Next, define the `train_step` function which will be called for each batch on an
encrypted batch of labels, y. The function first does a forward on the plaintext
image x to compute a predicted label, then does backpropagation using the
encrypted label y.

In [5]:
def train_step(x, enc_y):
    # Forward pass always in plaintext
    y_pred = x
    for i, l in enumerate(layers):
        y_pred = l(y_pred, training=True)

    # Backward pass.
    dx = loss_fn.grad(enc_y, y_pred)
    dJ_dw = []
    dJ_dx = [dx,]
    for l in reversed(layers):
        if isinstance(l, tf_shell_ml.GlobalAveragePooling1D):
            dw, dx = l.backward(dJ_dx[-1])
        else:
            dw, dx = l.backward(dJ_dx[-1], public_rotation_key)
        dJ_dw.extend(dw)
        dJ_dx.append(dx)

    return reversed(dJ_dw)


@tf.function
def train_step_wrapper(x_batch, y_batch):
    if use_encryption:
        # Encrypt the batch of secret labels y.
        enc_y_batch = tf_shell.to_encrypted(y_batch, secret_key, context)
    else:
        enc_y_batch = y_batch

    # Run the training step. The top and bottom halves of the batch are
    # treated as two separate mini-batches run in parallel.
    enc_grads = train_step(x_batch, enc_y_batch)

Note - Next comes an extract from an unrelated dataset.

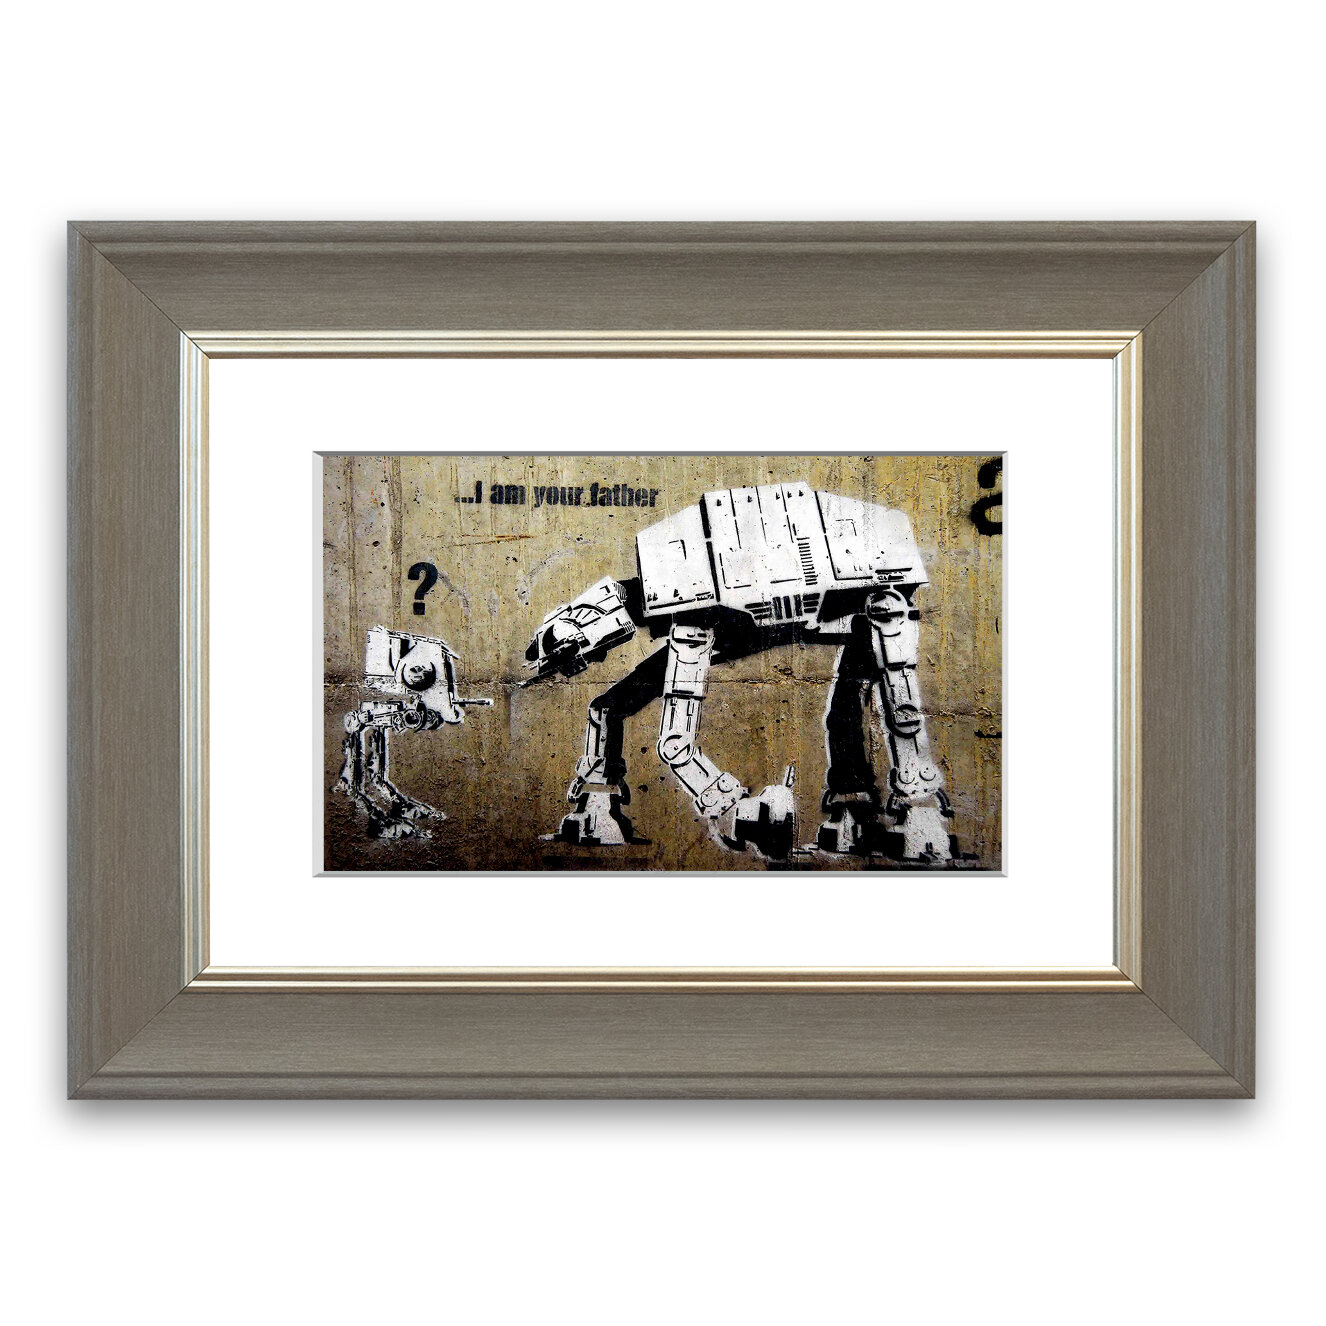 East Urban Home Atat I Am Your Father Banksy Canvasb L Cornwall Banksy Framed Photographic Print Wayfair Co Uk

    filtered_layers = [l for l in layers if len(l.weights) > 0]

    if use_encryption:
        # Decrypt the weight gradients. In practice, the gradients should be
        # noised before decrypting.
        packed_grads = [tf_shell.to_tensorflow(g, secret_key) for g in enc_grads]
        # Unpack the plaintext gradients using the corresponding layer.
        grads = [l.unpack(g) for l, g in zip (filtered_layers, packed_grads)]
    else:
        grads = enc_grads

    weights = []
    for l in filtered_layers:
        weights+=l.weights

    # Apply the gradients to the model.
    optimizer.apply_gradients(zip(grads, weights))

Here is the training loop. Each inner iteration runs two batches of size
$2^{12-1}$ simultaneously.

Tensorboard can be used to visualize the training progress. See cell output for
command to start tensorboard.

In [6]:
start_time = time.time()
tf.config.run_functions_eagerly(False)


def check_accuracy(dataset):
    average_loss = 0
    average_accuracy = 0
    for x, y in dataset:
        y = tf.one_hot(tf.cast(y, tf.int32), 2)

        y_pred = vectorize_layer(x)
        # Do not filter when testing.
        for i, l in enumerate(layers):
            y_pred = l(y_pred)

        loss = tf.reduce_mean(loss_fn(y, y_pred))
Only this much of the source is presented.